Chailakhyan, un gran investigador de la floración de plantas de día corto, como los crisantemos, indicó que realmente las hojas producían una hormona que se dirigía al ápice e iniciaba la floración. Chailakhyan denominó a esta hipotética hormona florígeno, “el hacedor de flores”. Aunque durante muchos años se pensó que la duración del día era determinante para inducir la floración, interrumpiendo alternativamente la longitud del día o de la noche en condiciones controladas de invernadero, se demostró que es la duración de la noche quien determina la inducción de la floración.
El comportamiento de distintas especies en respuesta al fotoperiodo, clasifica a la mayoría de las plantas en tres grupos:
* Plantas de Día Largo (PDL) o Plantas de Noche Corta (PNC), que florecen tras una o varias noches cortas (ej. espinaca, trigo, avena, cebada, guisante, remolacha, nabo).
* Plantas de Día Corto (PDC) o Plantas de Noche Larga (PNL) que lo hacen tras una o varias noches largas (ej. cebolla, soja, algodón, arroz, caña de azúcar, maíz).
* Plantas Neutras al Fotoperiodo (PNF), insensibles al fotoperíodo (ej. pepino, tomate, judía) . Mientras algunas plantas necesitan de un sólo periodo de inducción para florecer mientras otras necesitan de varios periodos inductivos.

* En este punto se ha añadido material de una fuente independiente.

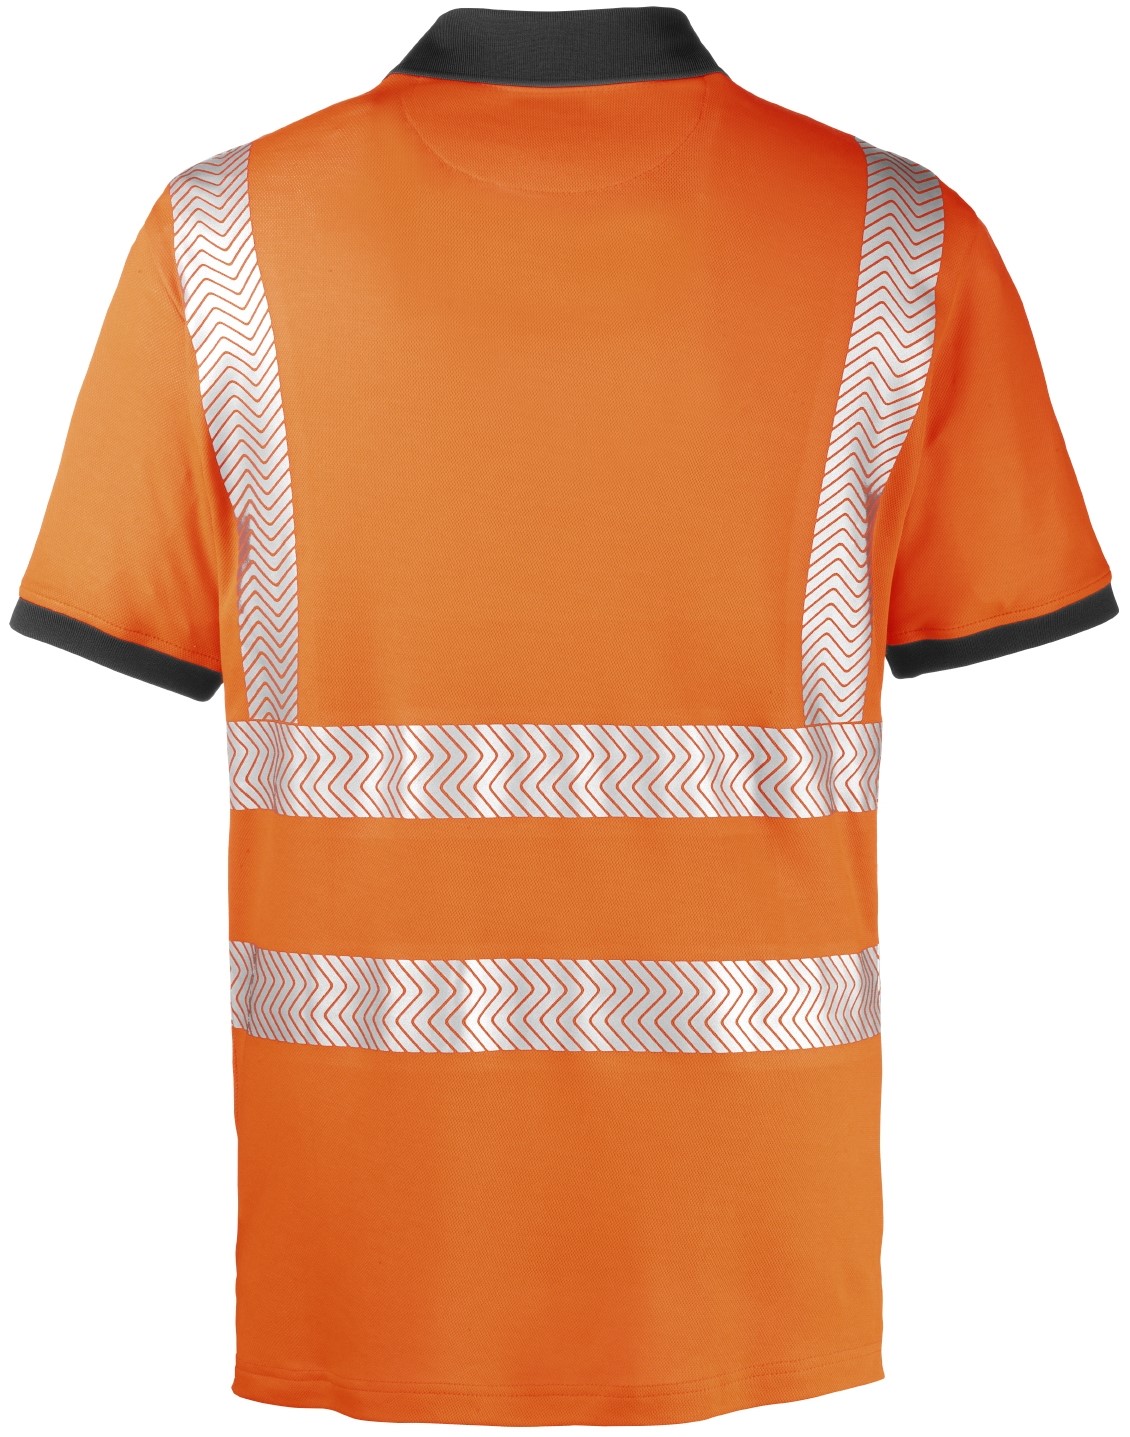 4PROTECT® Warnschutz-Poloshirt ORLANDO

Otros experimentos demostraron que la respuesta floral no tiene lugar si inmediatamente después de la fotoinducción se quitan las hojas. Pero si se dejan las hojas en la planta durante unas pocas horas después de completarse el ciclo de inducción, pueden quitarse entonces sin que la floración se vea afectada.  La interpretación es que la duración del fotoperíodo se percibe en las hojas, que generan una señal que se transmite al meristemo apical. Esta señal o “florígeno”, es transportada a través del floema (la floración se interrumpe interceptando esta circulación) y puede pasar de una planta fotoinducida a una planta no fotoinducida, pero siempre que entre ambas haya conexiones anatómicas de tejido vivo. Aunque se acumularon las evidencias de la existencia de sustancias tanto inductoras como inhibidoras de la floración, sin embargo, los intentos de aislarlas fueron infructuosos hasta tiempos recientes.

FLORÍGENO
En el año 2005 pareció que se había conseguido la meta anhelada, el descubrimiento del florígeno. Dos artículos publicados en la revista SCIENCE por científicos de la Universidad de Kyoto (Japón),  del Instituto Max Plank de Tubingen (Alemania) y de la Universidad de  Ciencias Agrícolas de Umea (Suecia) indicaban que, cuando las condiciones ambientales son las propicias para que se inicie la floración, la planta envía desde las hojas al ápice un ARNm (ácido ribonucleico mensajero) que codifica la producción de una proteína FT. La proteína FT interacciona físicamente con otra proteína FD que sólo se produce en el ápice y, de un modo aún desconocido, ello activa el programa de construcción de las flores en la punta del tallo.  Es decir, que las dos proteínas por separado no funcionan, y tienen que juntarse físicamente para  activar a los genes de floración. Este descubrimiento se inscribió como uno de los más importantes científicamente del año 2005.

Pero hace unos días, a inicios de mayo del 2007, de nuevo las revistas SCIENCE y NATURE retomaban el tema ante la aparición de dos artículos que rectifican y completan los datos publicados. Por una parte, parece ser que. Tao Huang, uno de los investigadores participantes en el grupo sueco, actualmente en China, no fue muy escrupuloso en los análisis de los resultados, omitiendo algunos y llegando a conclusiones erróneas. Los otros cuatro participantes del grupo investigador sueco así lo han denunciado. Las ideas actuales de los equipos de investigadores y de otros nuevos equipos que intervinieron o que han intentado confirmar los hallazgos es de que el papel de florígeno lo realiza no el ARNm de la proteína FT, sino la propia proteína FT, que es la que físicamente viaja desde las hojas a los ápices donde se producirá la floración. Así lo han demostrado científicos alemanes, con la planta Arabidopsis thaliana,  fusionando la proteína FT con otra proteína fluorescente lo que permitió la visualización del transporte  de FT desde las hojas en la savia del floema hasta las células meristémicas generadoras de los tejidos que florecerán.